While Soul Patch cuffs the kid (I guess that immunity won't kick in until later), Kiefer checks for TerrorDad's pulse, which naturally isn't there. This is the second time a vital suspect has gotten shot out from under him in as many hours. Kiefer seriously needs to consider a new arrest protocol: "Drop the weapon! Put your hands on your head! Put on this bulletproof vest! Do it now!" Agent Castle, who I'm going to start calling Agent Discretion in a minute, brings TerrorMom on into the room with her dead husband and Oedipally freaking out son. Kiefer descends on her and demands to know where the MacGuffin is. "I don't know that," she says, "but I can give you an address where much of the work behind today's attacks was done." Kiefer's right up in her grill, saying that wasn't the deal. She insists that's all she knows, and rattles off the address. It would crack me up if it were the address of the TerrorDome, but nothing doing; "It was the last place I saw the men who were going to take possession of the MacGuffin." How long ago? "Yesterday." Kiefer dispatches advance teams to the house, with instructions that nobody goes in until they get there. Sure, he's always rushing other people, but he's got no problem making them wait around for him. Selfish. "What about these two?" Soul Patch says. "Until we know she's not lying," Kiefer says, "they come with us." Everyone heads out of the room, leaving TerrorDad to rot on the floor. Presumably with his cell phone that contains records of a shitload of calls to ImhoTerror, who has the MacGuffin, and whose location Lispy Skip could triangulate in ten seconds. Never mind that! Gotta go! No time! It's 4:15:02. Don't you love it when everything from the week's preview is taken care of in the first act? It makes me feel so unspoiled for the rest of the episode.

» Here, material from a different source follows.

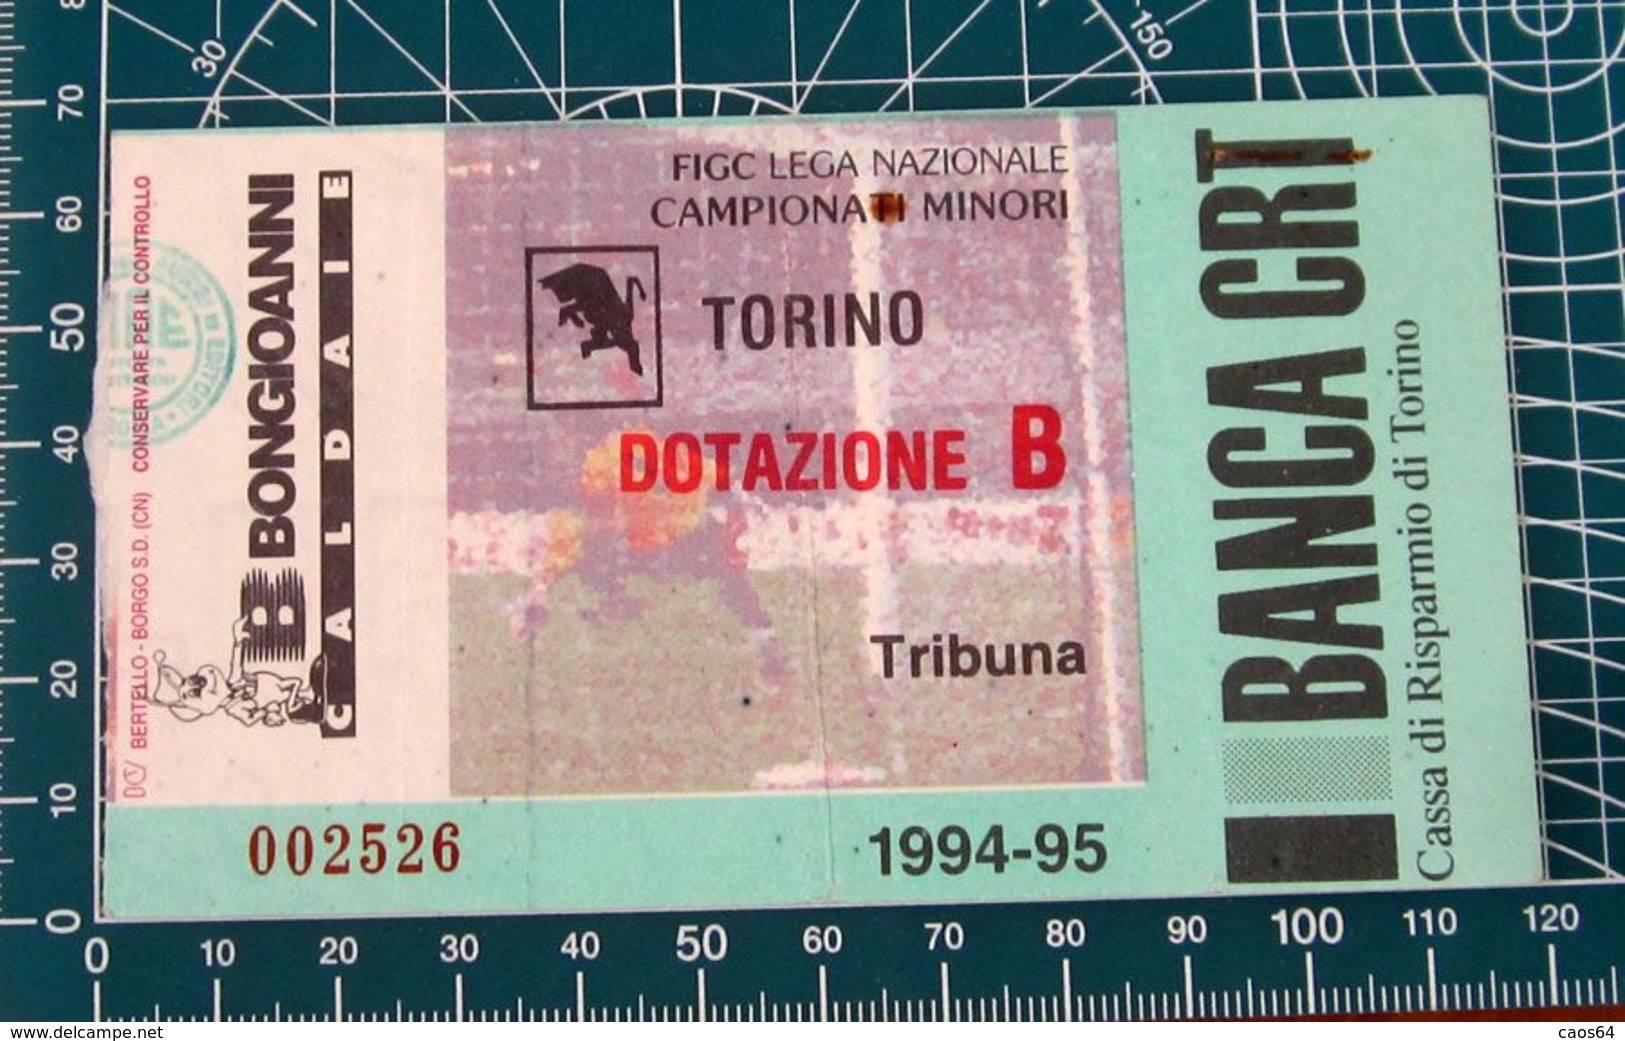 Calcio Ticket BIGLIETTO TORINO - DOTAZIONE B 1994-95 - Biglietti D'ingresso

4:19:13. AIIIEEEE!sha sits in interrogation; DaD's running another meeting at CTU where they're no doubt covering a number of other facts we (and they) already know; and…um…TerrorTeen is in the hospital laundry room. Does Kiefer know he went back? Anyway, at DaD's meeting, Curtis has been explaining to DaD what AIIIEEEE!sha told him about her needing to be present to access the files on TerrorGringo's computer. DaD asks if Curtis believes her. Curtis: "I'm not sure. The polygraph indicates that she's telling the truth. But in my opinion, she may be a sociopath." DaD asks from beneath raised eyebrows, "Are you a psychologist?" Curtis demurs, but he says he's had "dealings" with her. By which he of course means "humpin' and pumpin'." DaD asks him, "[Humpin' and pumpin'] that might affect your judgment?" Curtis denies it. DaD asks for suggestions as to their move. Driscoll offers, "I can spare an operative from the cyber unit." Since when? "And a security team," she adds. DaD asks what DoDder thinks, because somebody has to once in a while. DoDder thinks Curtis should go with AIIIEEEE!sha. Huh. Why do you suppose she wants him dead? Driscoll says she needs Curtis at CTU, but DoDder and her stupid mouth say, "Someone with experience needs to examine [the data] firsthand." What, there's nobody else with "experience" at CTU? Weak. No way is DaD going to agree with this. "I agree," DaD says. Oh, never mind. Driscoll stink-eyes DoDder, then she and Curtis leave the room. On the way out, Curtis says to her quietly, "I don't like this." Most of us don't like our death sentences, Curtis. But Driscoll says those are the orders. "Get it done and get back here as quickly as you can." Poor Curtis, soon to become a Handsome Black Agent in the field. We know how Driscoll feels about people who try to walk off the job, so his only options are to undergo some kind of horrible disfigurement, or attempt to change his race a la Michael Jackson. But I repeat myself.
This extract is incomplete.